In the top circuit the exploration qubit is not reset after it is employed as the control qubit for the CNOT gates. This entangles the circuit in such way that the exploration done is not properly done. In the circuit below, as the exploration qubit is reset after each CNOT gate, we recover the proper exploration probabilities.
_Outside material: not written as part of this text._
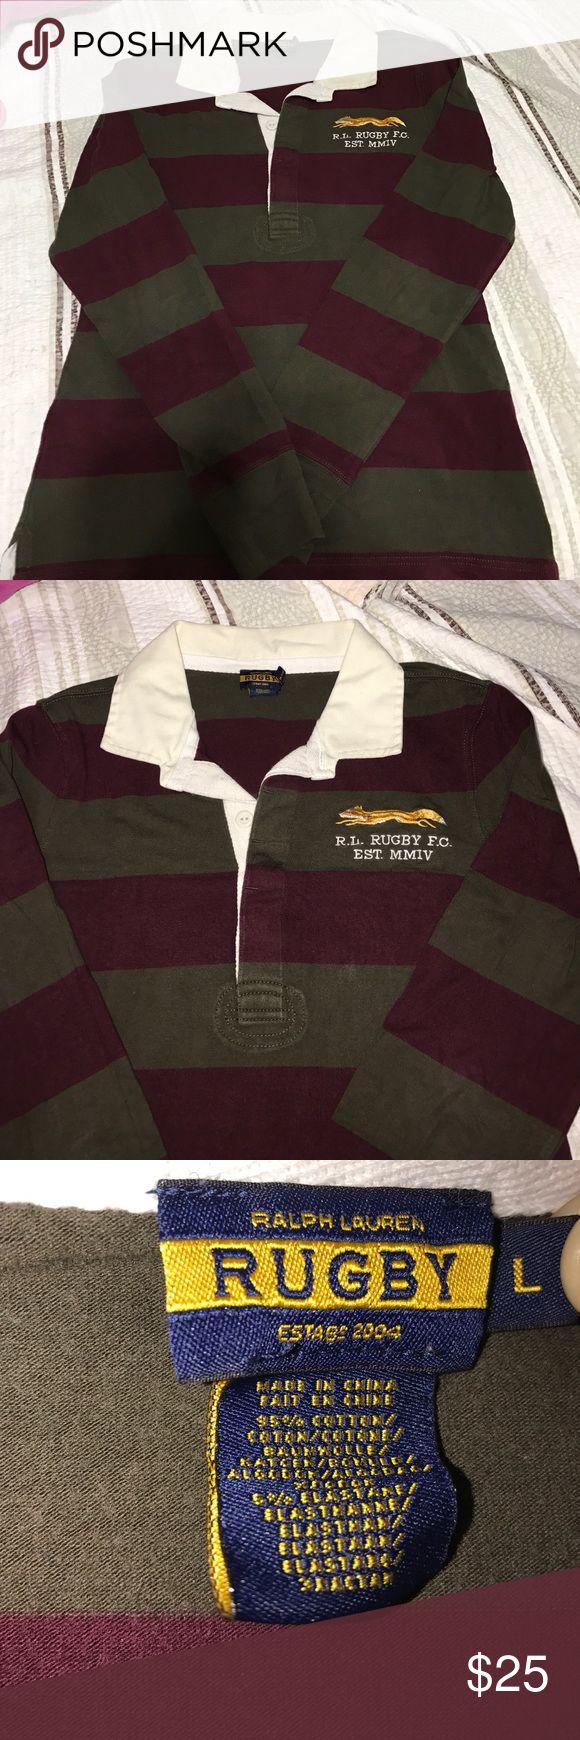 "Ralph Lauren ""RUGBY"" Shirt Women Rugby Shirt. Pre-owned classic shirt. Green/ Maroon Stripe Fox logo polo long sleeve shirt. Ralph Lauren Rugby  Tops"

The horizontal lines mark each of the circuit steps

As we see here, in the case in which we do not reset the exploration qubit, there are only two possible outcomes: no exploration happened at all, or all possible exploration steps happened. On the contrary, resetting the exploration qubit allows for the expected exploration. In this case, the probability of applying one exploration step has the expected probability of β. This way we can achieve a smooth exploration over the whole search space, as it is intended for both ACO and QACO.